Problem description
Reproduce all of the data exactly. Images are not to appear in the reply.

Collected data
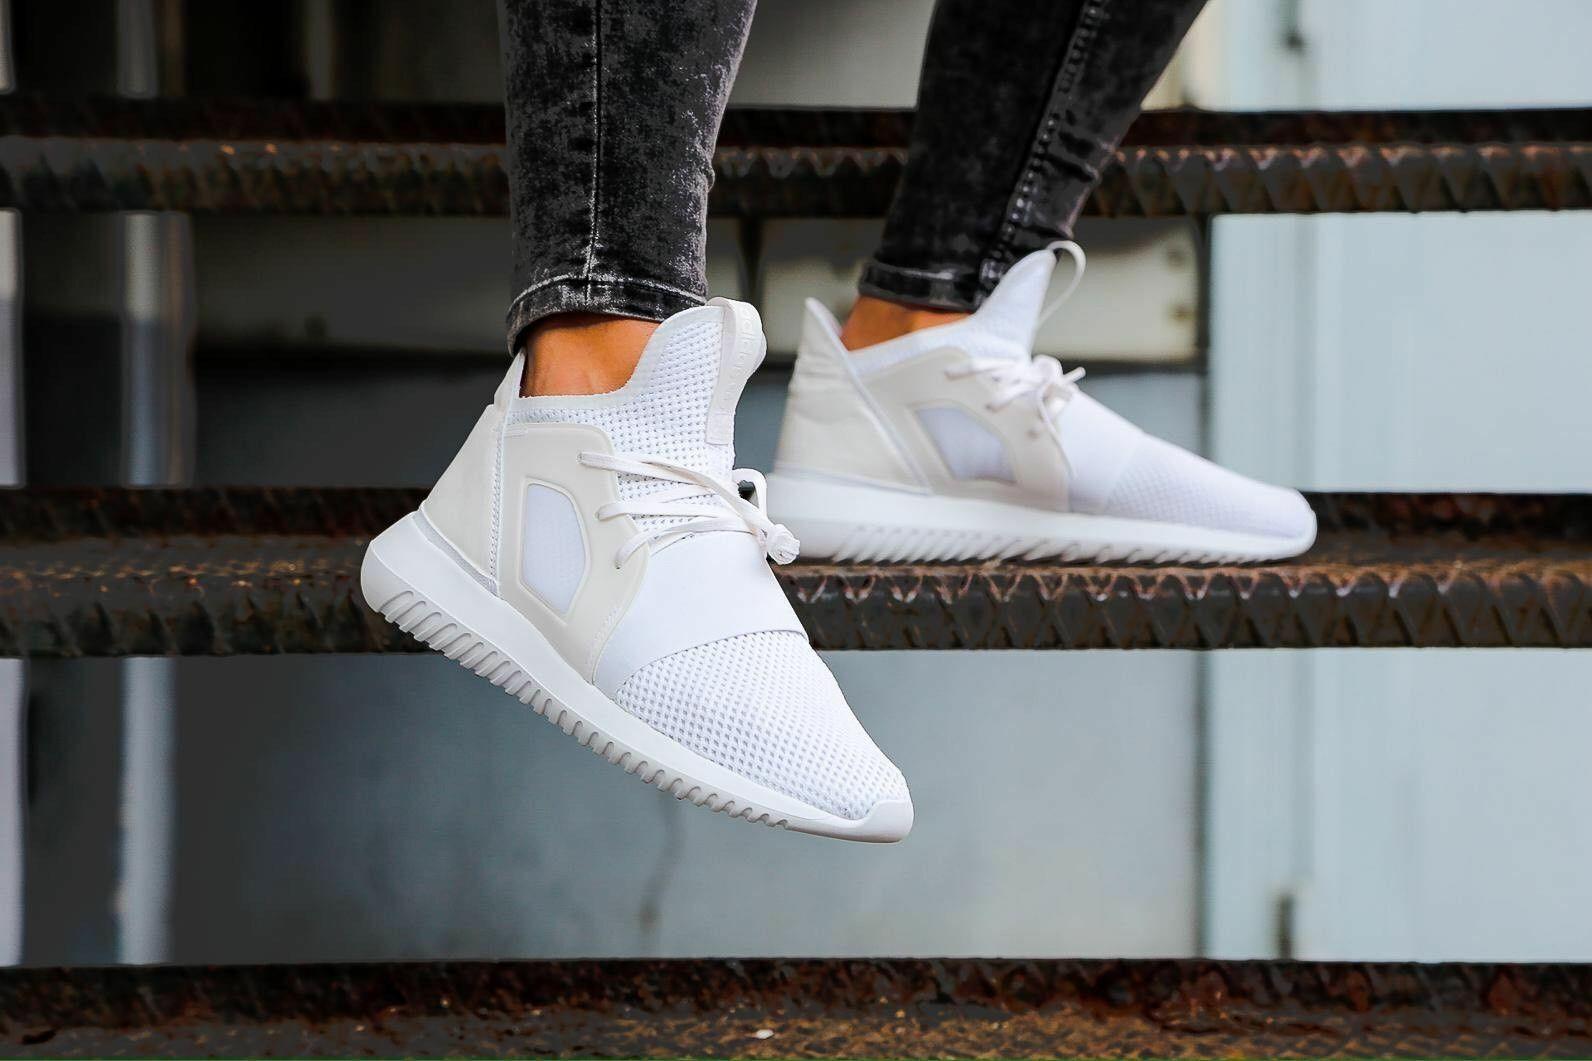 Adidas damen Girls Tubular Defiant Weiß Trainers schuhe BB5116 UK 3.5 to 9
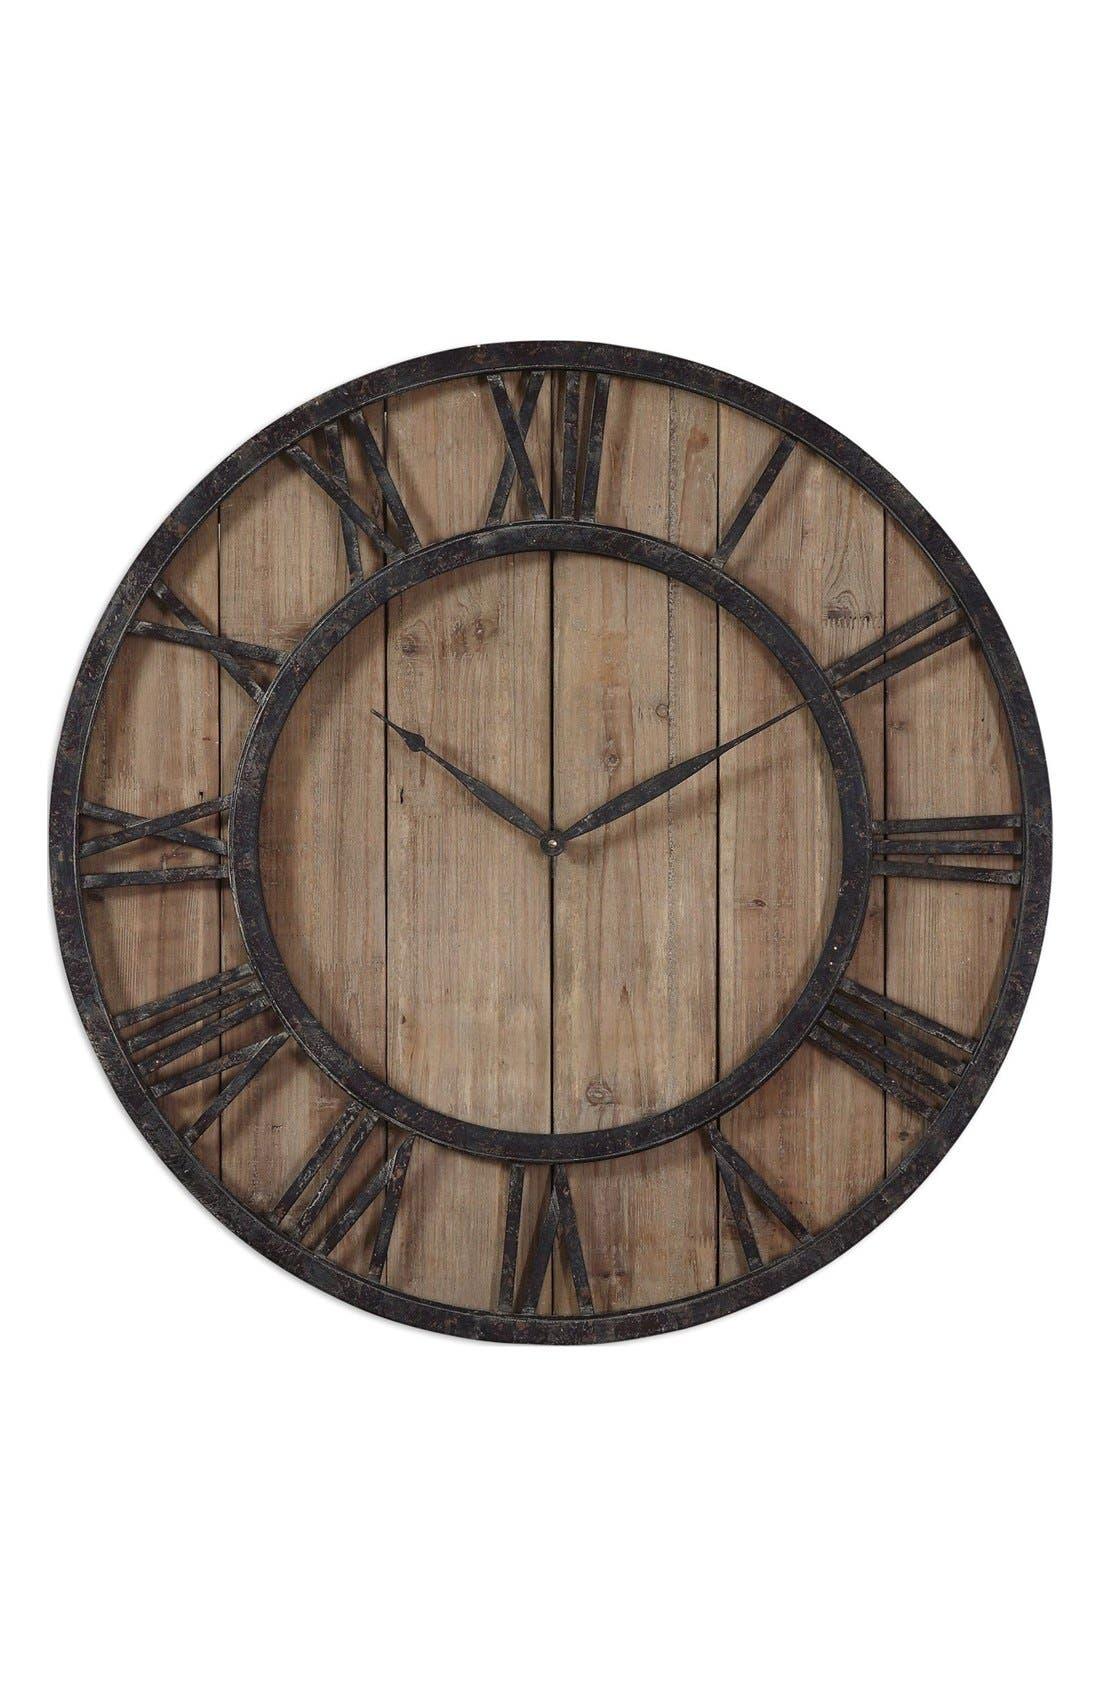 Uttermost 'Powell' Wooden Wall Clock
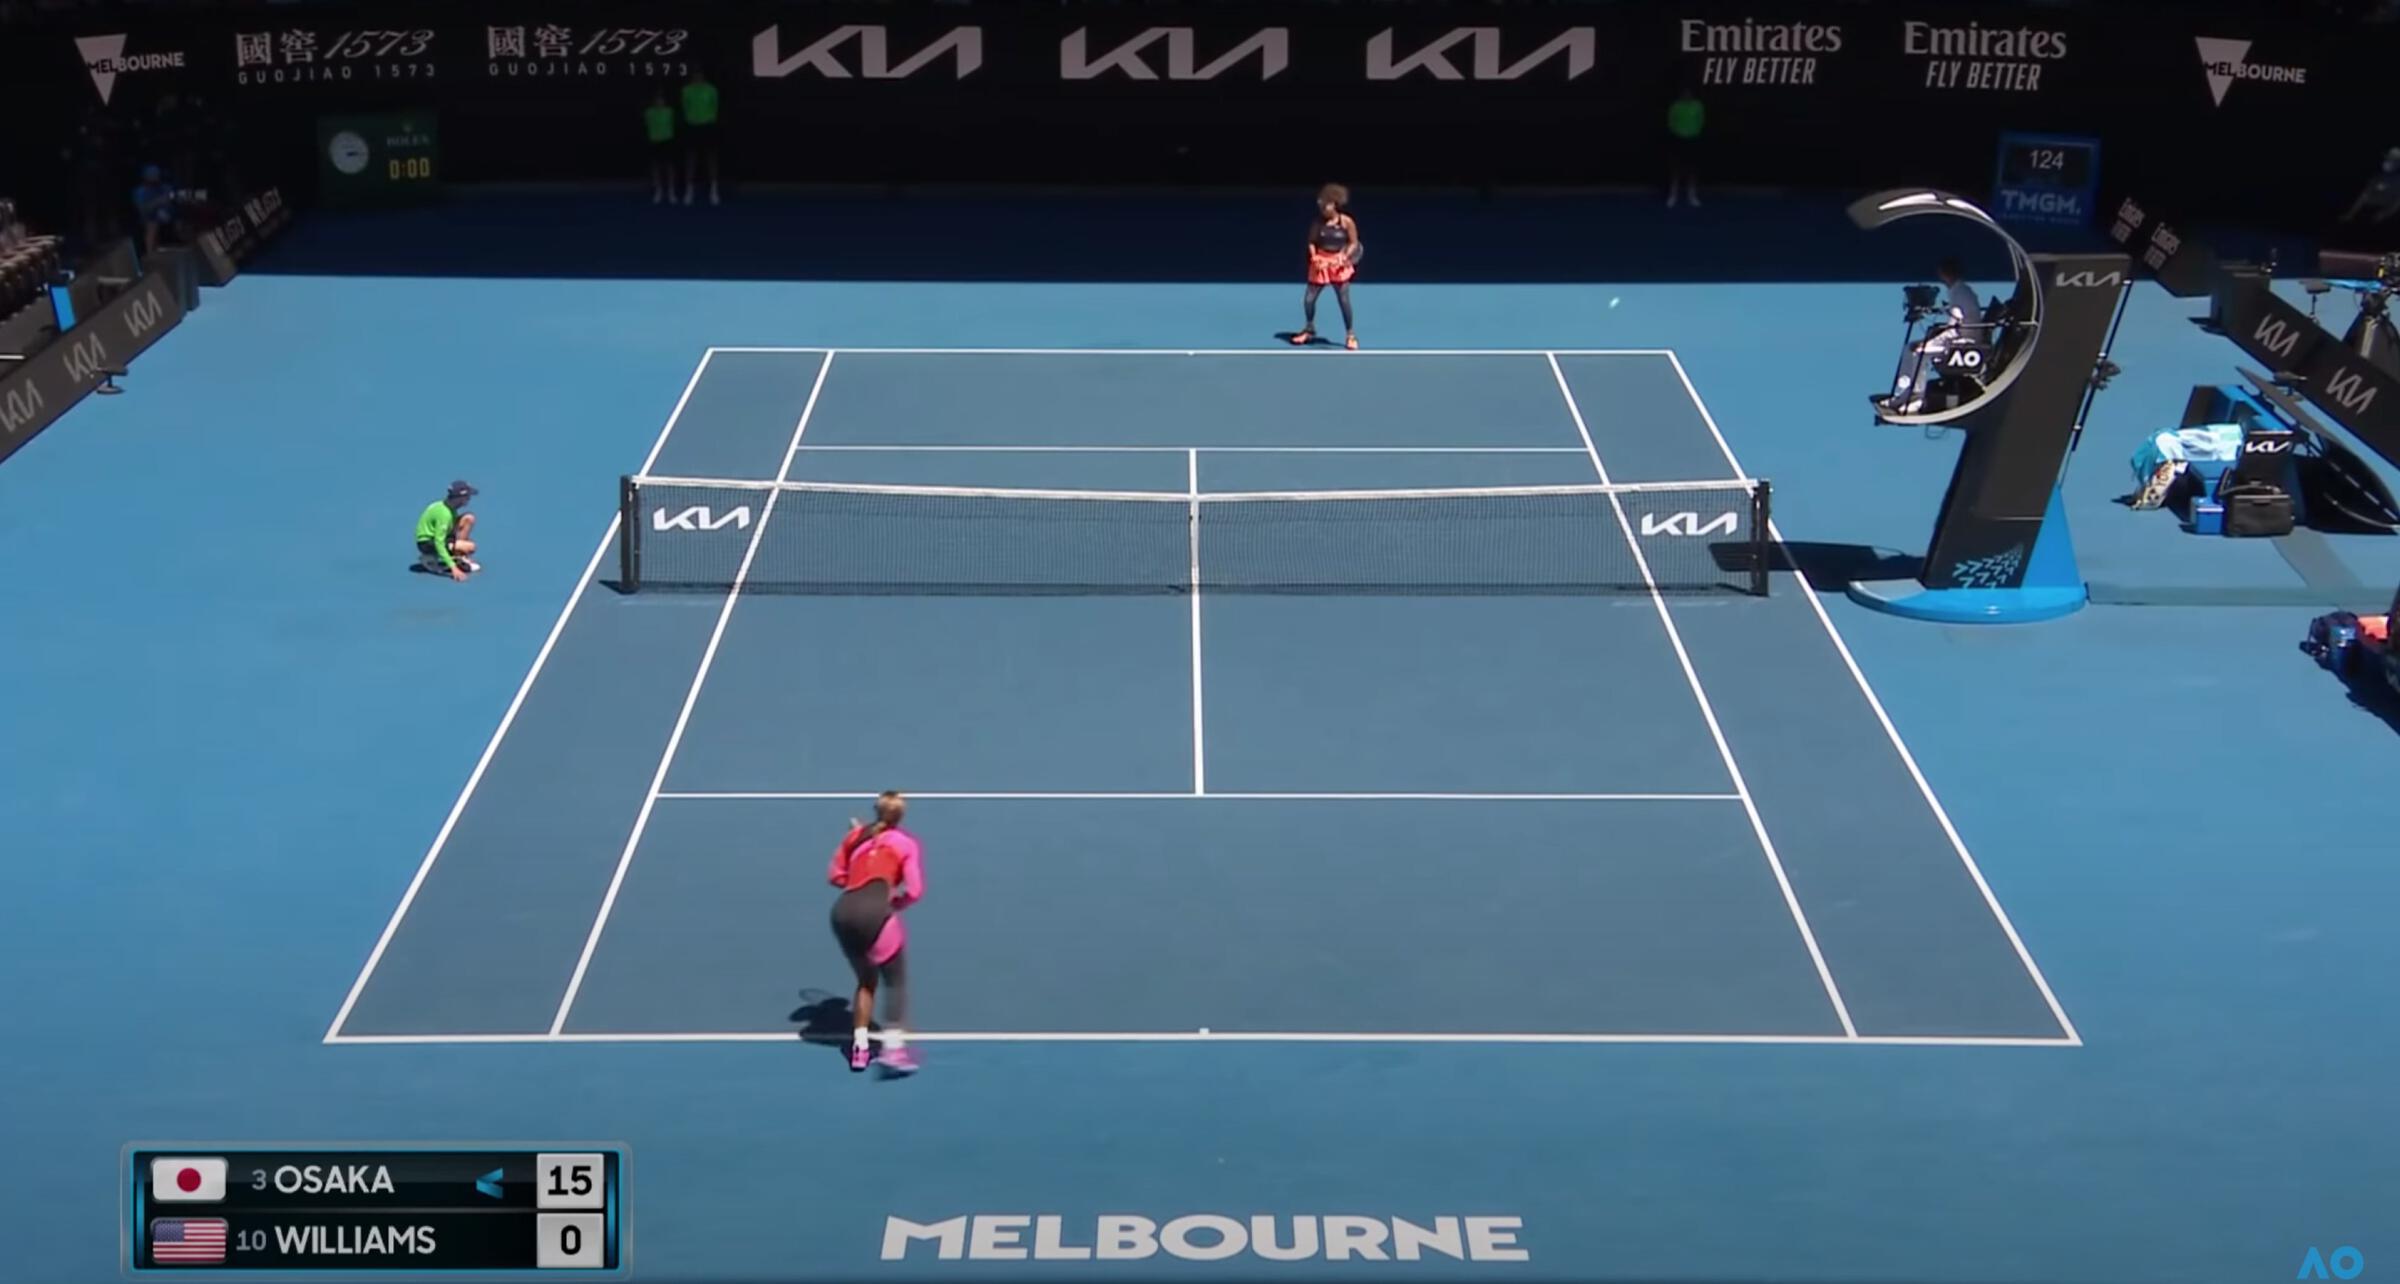 https://www.naomiosaka.com/wp-content/uploads/2021/05/naomi-tennis-highlights-video.jpg
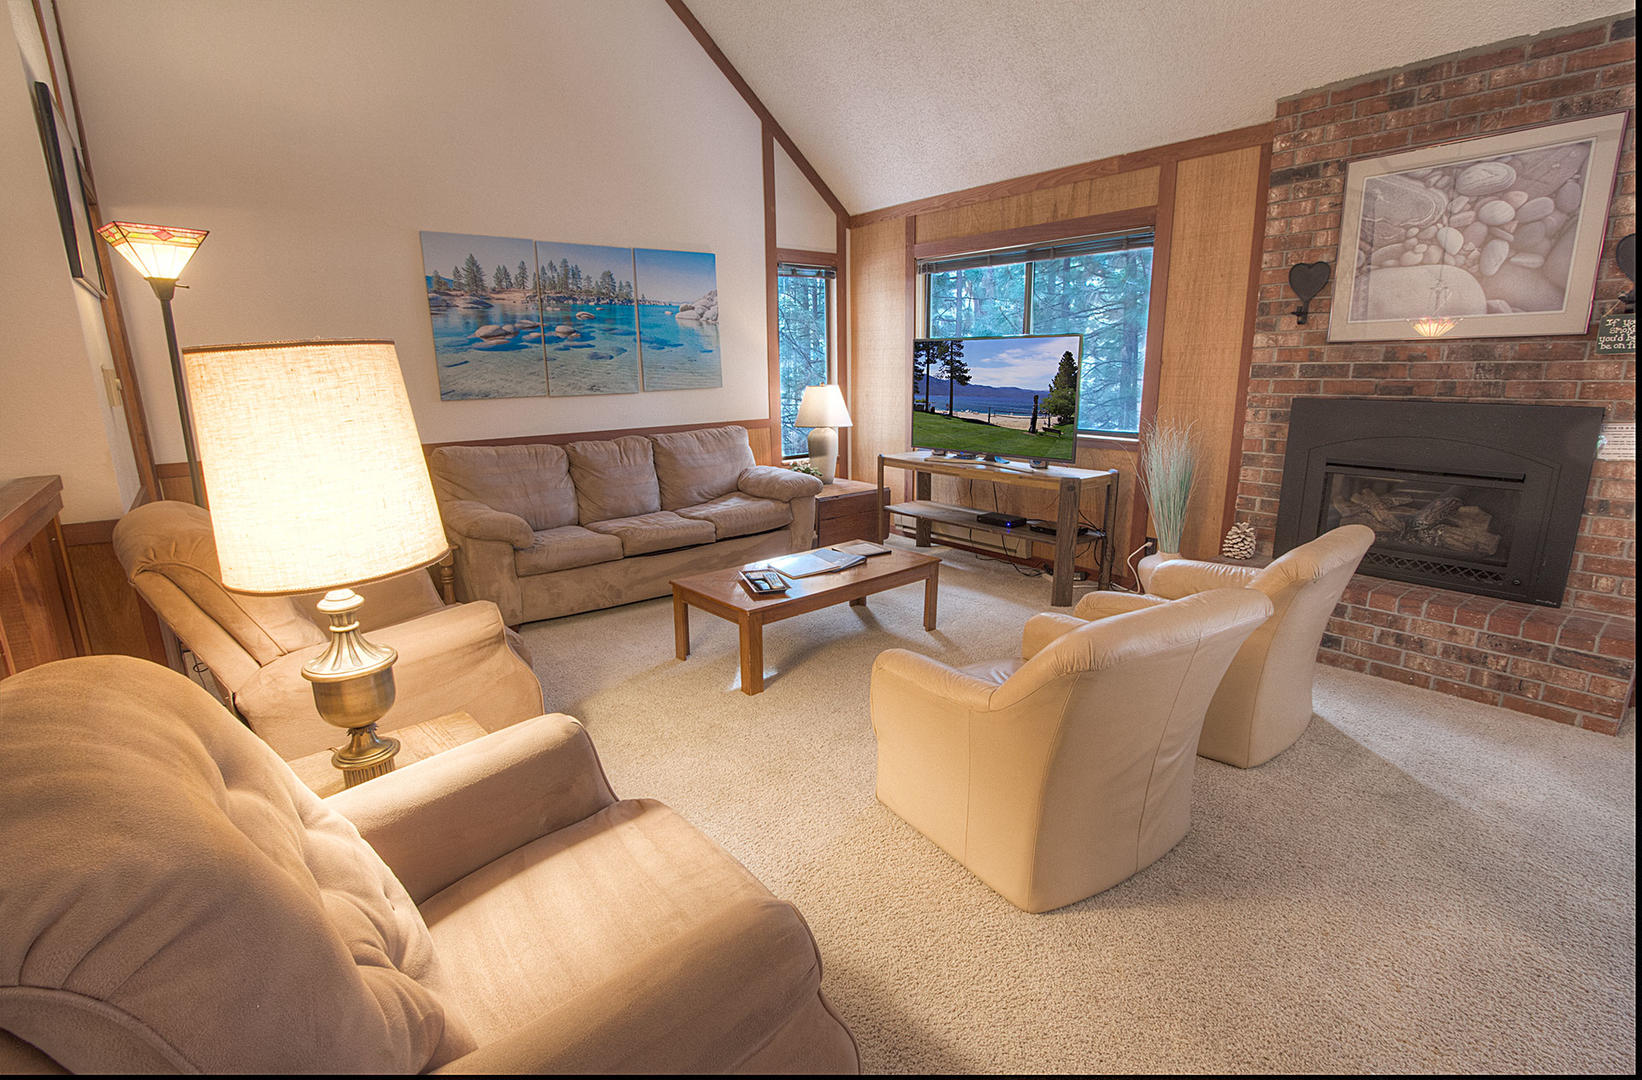 ivc0822 Living Room

Exercise answer
 Adidas damen Girls Tubular Defiant Weiß Trainers schuhe BB5116 UK 3.5 to 9
 Uttermost 'Powell' Wooden Wall Clock
 https://www.naomiosaka.com/wp-content/uploads/2021/05/naomi-tennis-highlights-video.jpg
 ivc0822 Living Room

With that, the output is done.